• **INFORMATION PROVIDED**:
####################
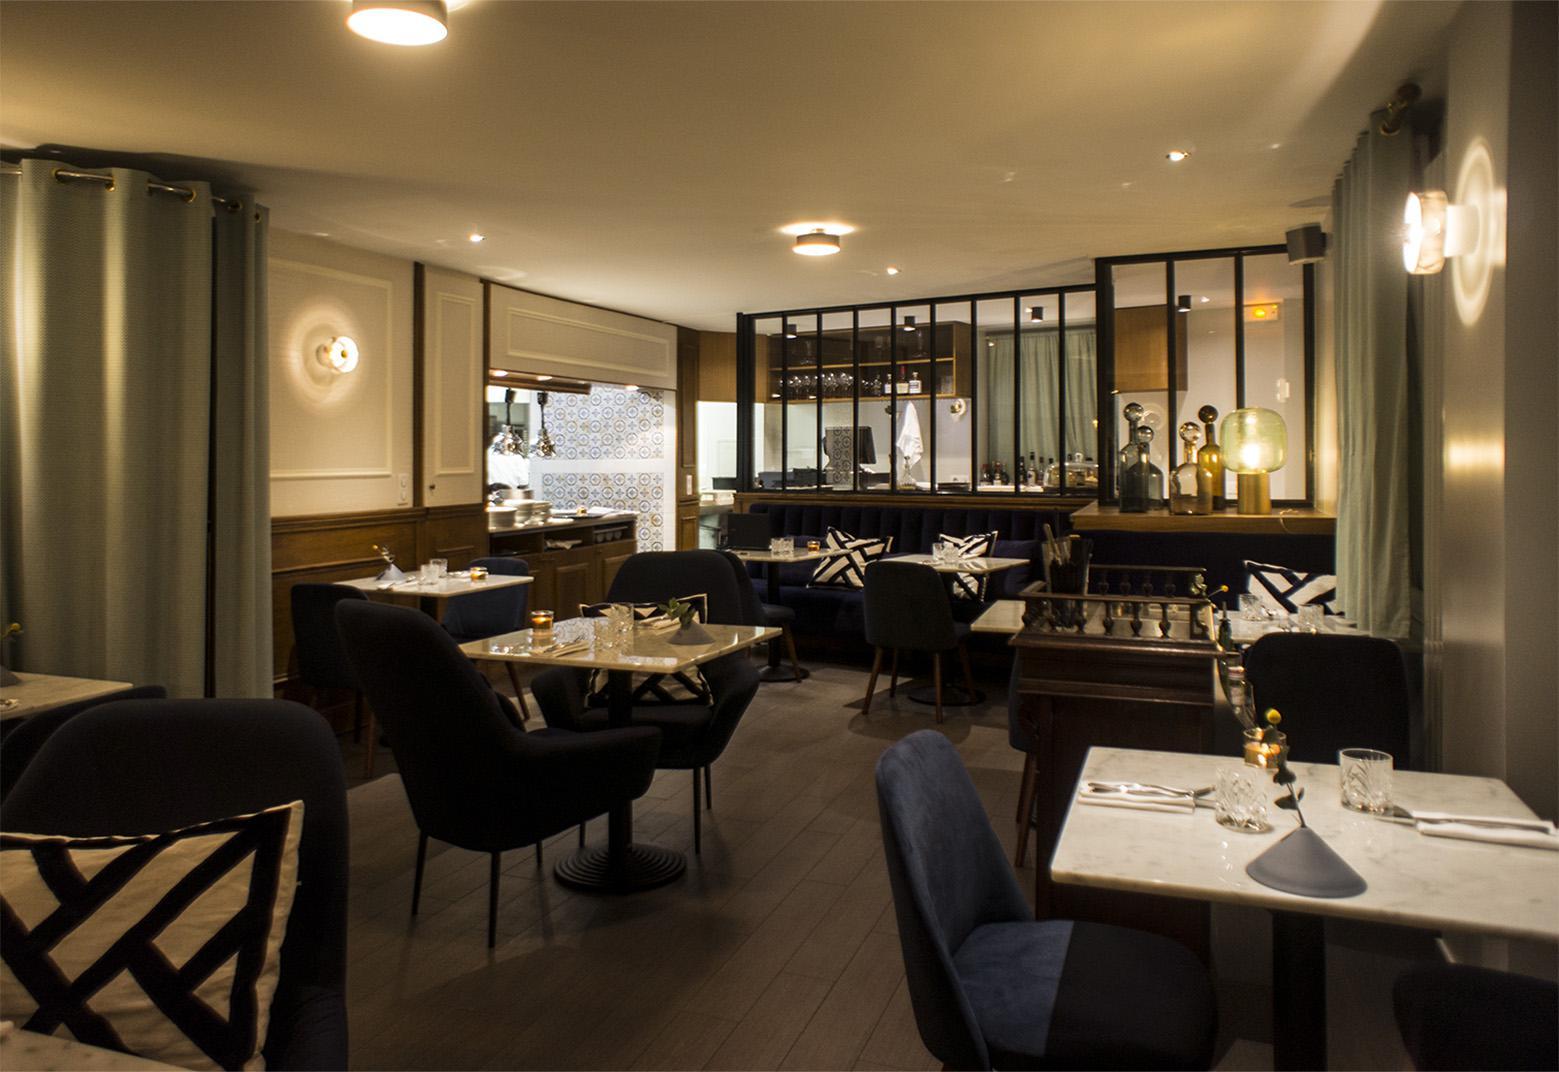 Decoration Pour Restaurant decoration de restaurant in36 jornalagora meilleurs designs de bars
####################
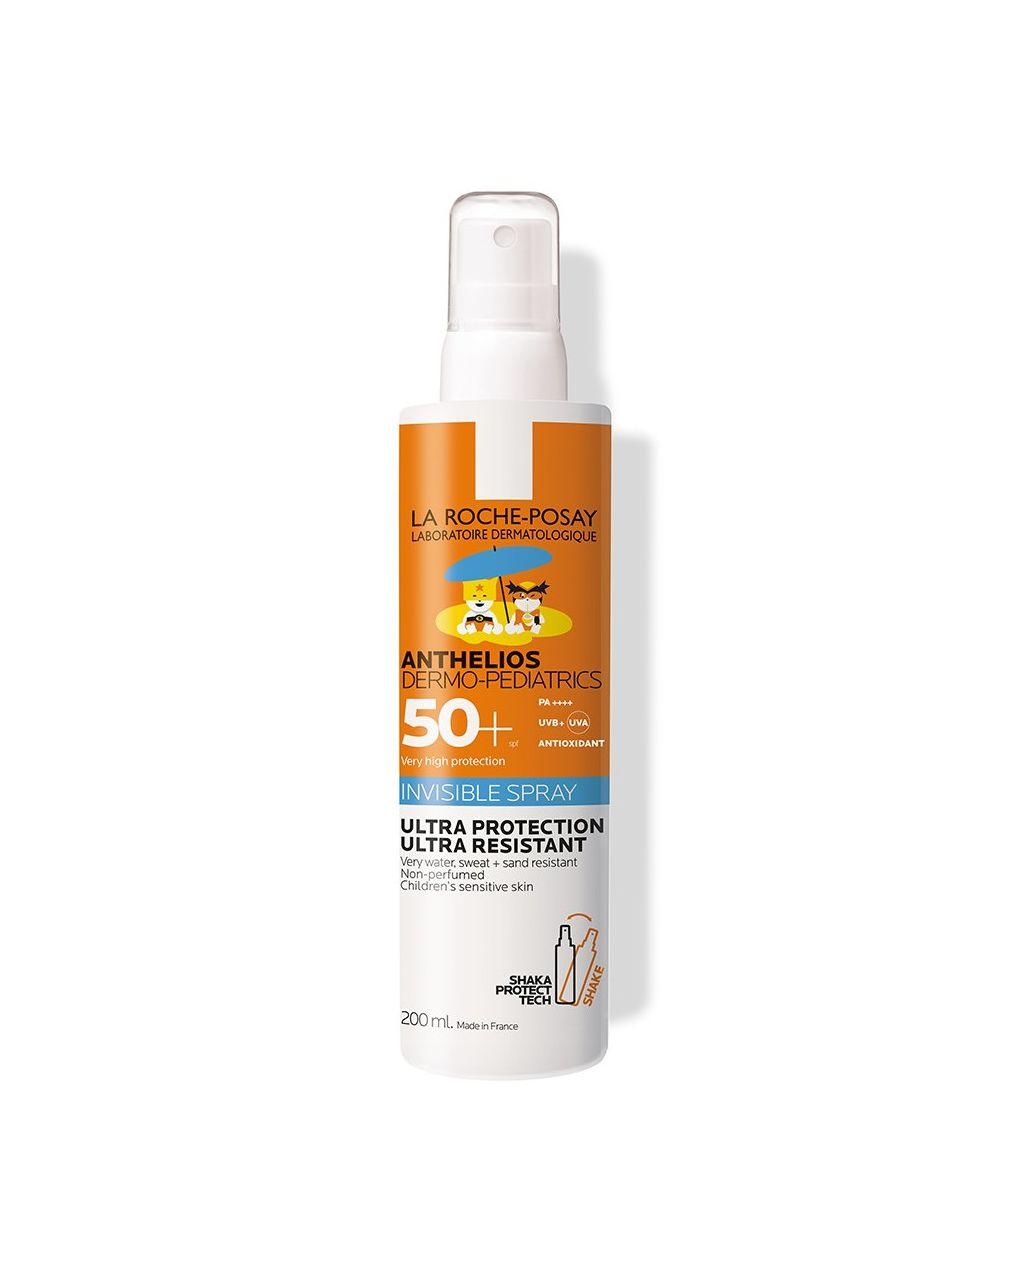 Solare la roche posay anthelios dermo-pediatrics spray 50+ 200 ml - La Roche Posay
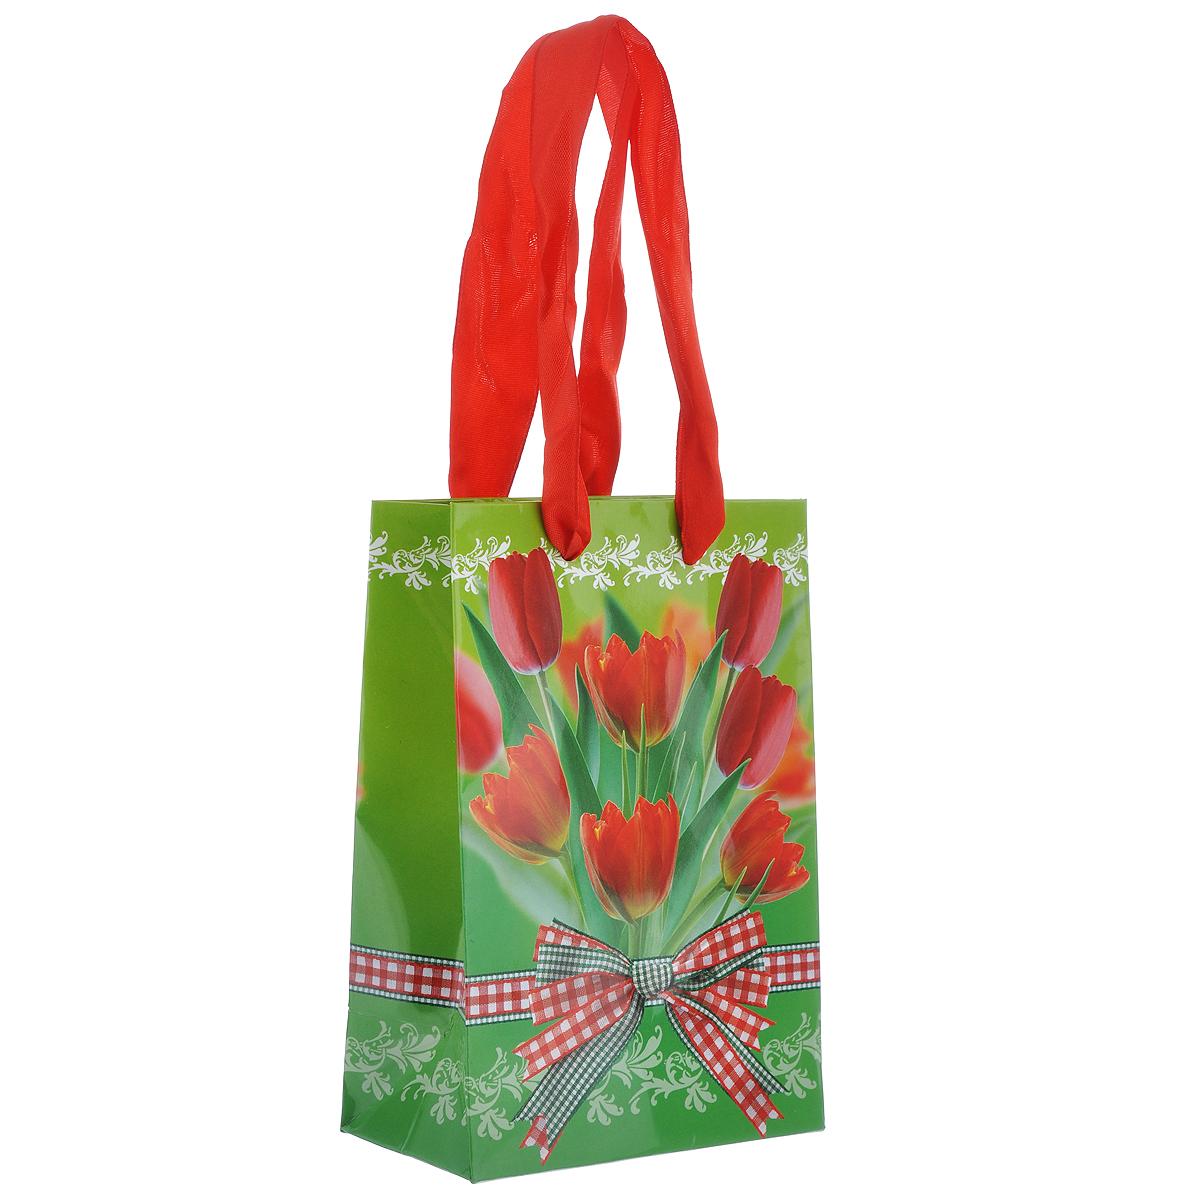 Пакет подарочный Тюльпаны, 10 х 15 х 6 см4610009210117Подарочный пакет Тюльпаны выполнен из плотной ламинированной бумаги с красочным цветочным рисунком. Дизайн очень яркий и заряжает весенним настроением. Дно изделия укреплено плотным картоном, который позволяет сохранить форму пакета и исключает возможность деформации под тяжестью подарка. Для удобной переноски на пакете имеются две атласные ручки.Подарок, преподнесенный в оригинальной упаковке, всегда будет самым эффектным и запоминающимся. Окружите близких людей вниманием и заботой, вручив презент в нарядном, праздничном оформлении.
####################
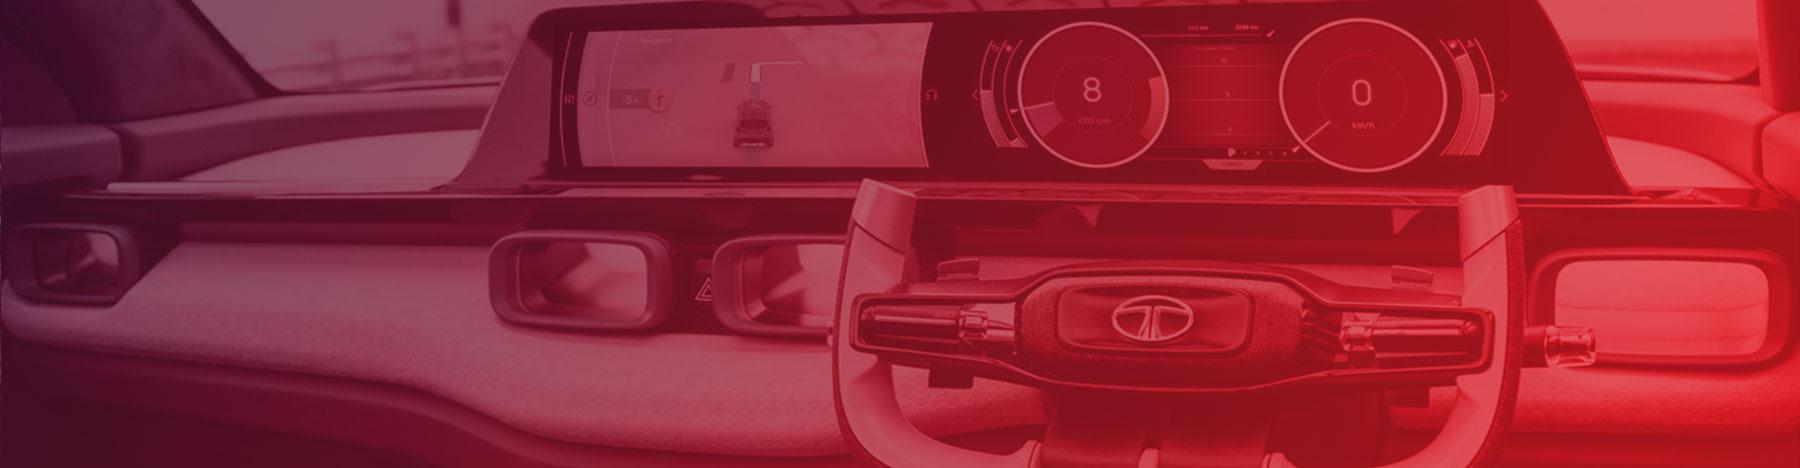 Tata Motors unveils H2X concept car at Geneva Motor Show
####################
• **WORK REQUIRED**: Output only the lines above from the one containing "Solare la roche" to the one containing "Пакет подарочный Тюльпаны, 10", both included, exactly as written and with no pictures.

• **SOLVED PROBLEM**:
 Solare la roche posay anthelios dermo-pediatrics spray 50+ 200 ml - La Roche Posay
 Пакет подарочный Тюльпаны, 10 х 15 х 6 см4610009210117Подарочный пакет Тюльпаны выполнен из плотной ламинированной бумаги с красочным цветочным рисунком. Дизайн очень яркий и заряжает весенним настроением. Дно изделия укреплено плотным картоном, который позволяет сохранить форму пакета и исключает возможность деформации под тяжестью подарка. Для удобной переноски на пакете имеются две атласные ручки.Подарок, преподнесенный в оригинальной упаковке, всегда будет самым эффектным и запоминающимся. Окружите близких людей вниманием и заботой, вручив презент в нарядном, праздничном оформлении.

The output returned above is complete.